→ **Exercise prompt**
Your answer is the lines below, exactly, from the one that contains "Gimnasta femenina en" through the one that contains "long-term holder spending cost basis", both included.

→ **Stored data**
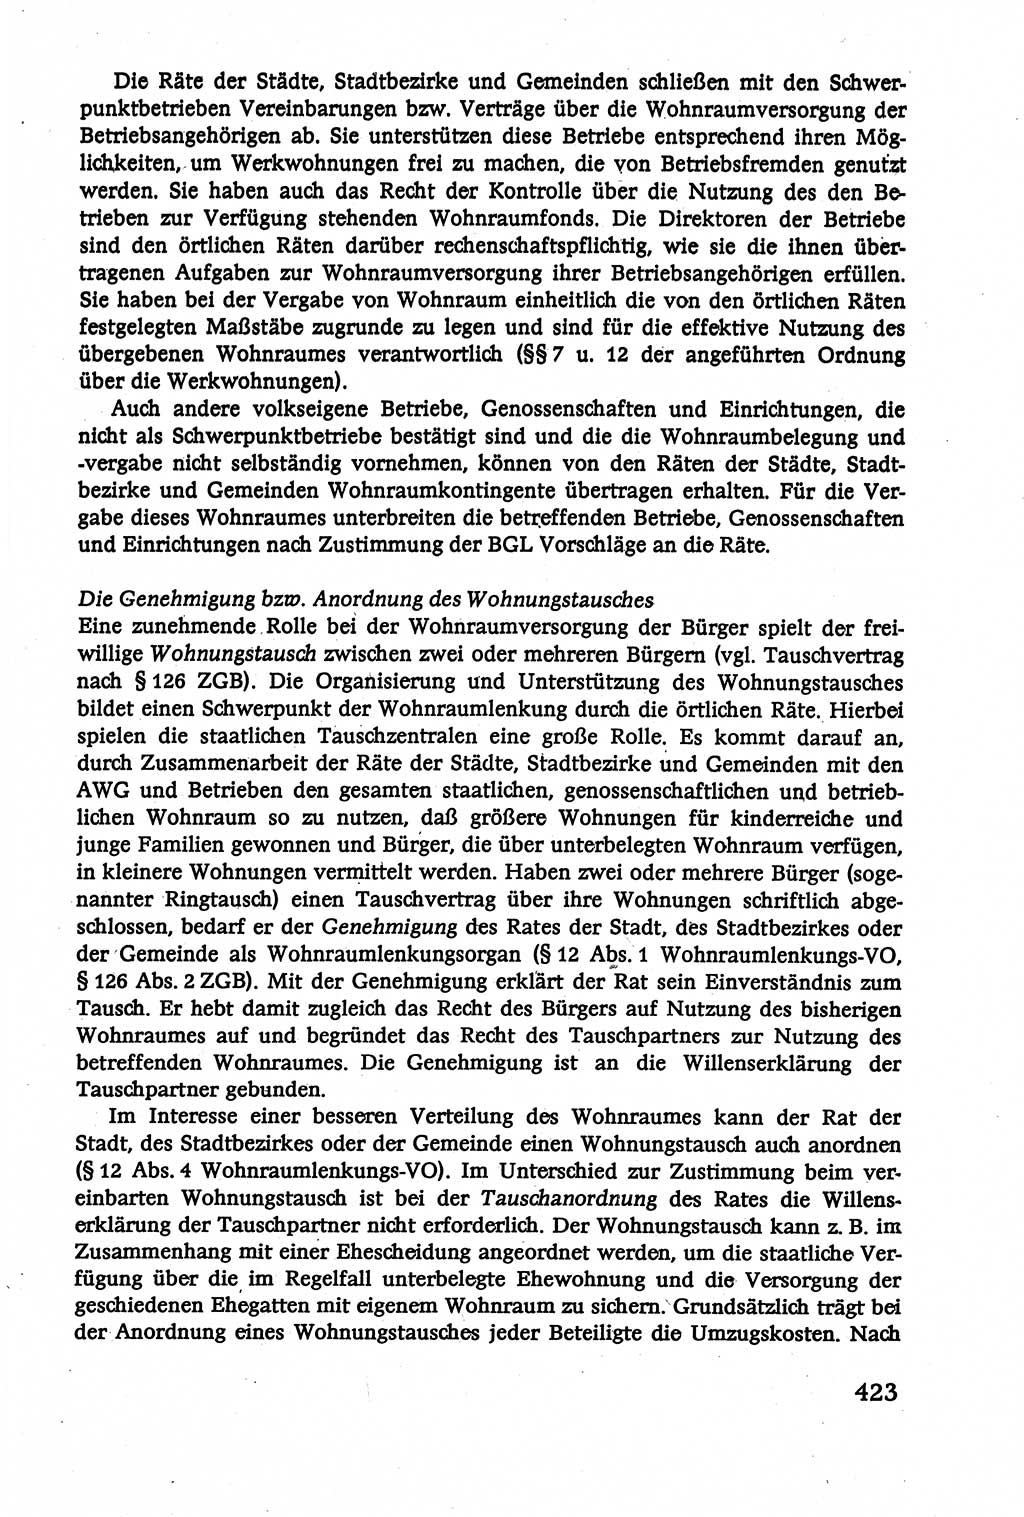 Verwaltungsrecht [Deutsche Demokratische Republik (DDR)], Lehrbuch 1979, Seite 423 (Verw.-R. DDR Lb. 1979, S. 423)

...

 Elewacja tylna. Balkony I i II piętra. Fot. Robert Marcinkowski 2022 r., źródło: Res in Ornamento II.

--

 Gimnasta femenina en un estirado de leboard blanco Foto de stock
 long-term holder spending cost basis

→ **Reply to the task**
 Gimnasta femenina en un estirado de leboard blanco Foto de stock
 long-term holder spending cost basis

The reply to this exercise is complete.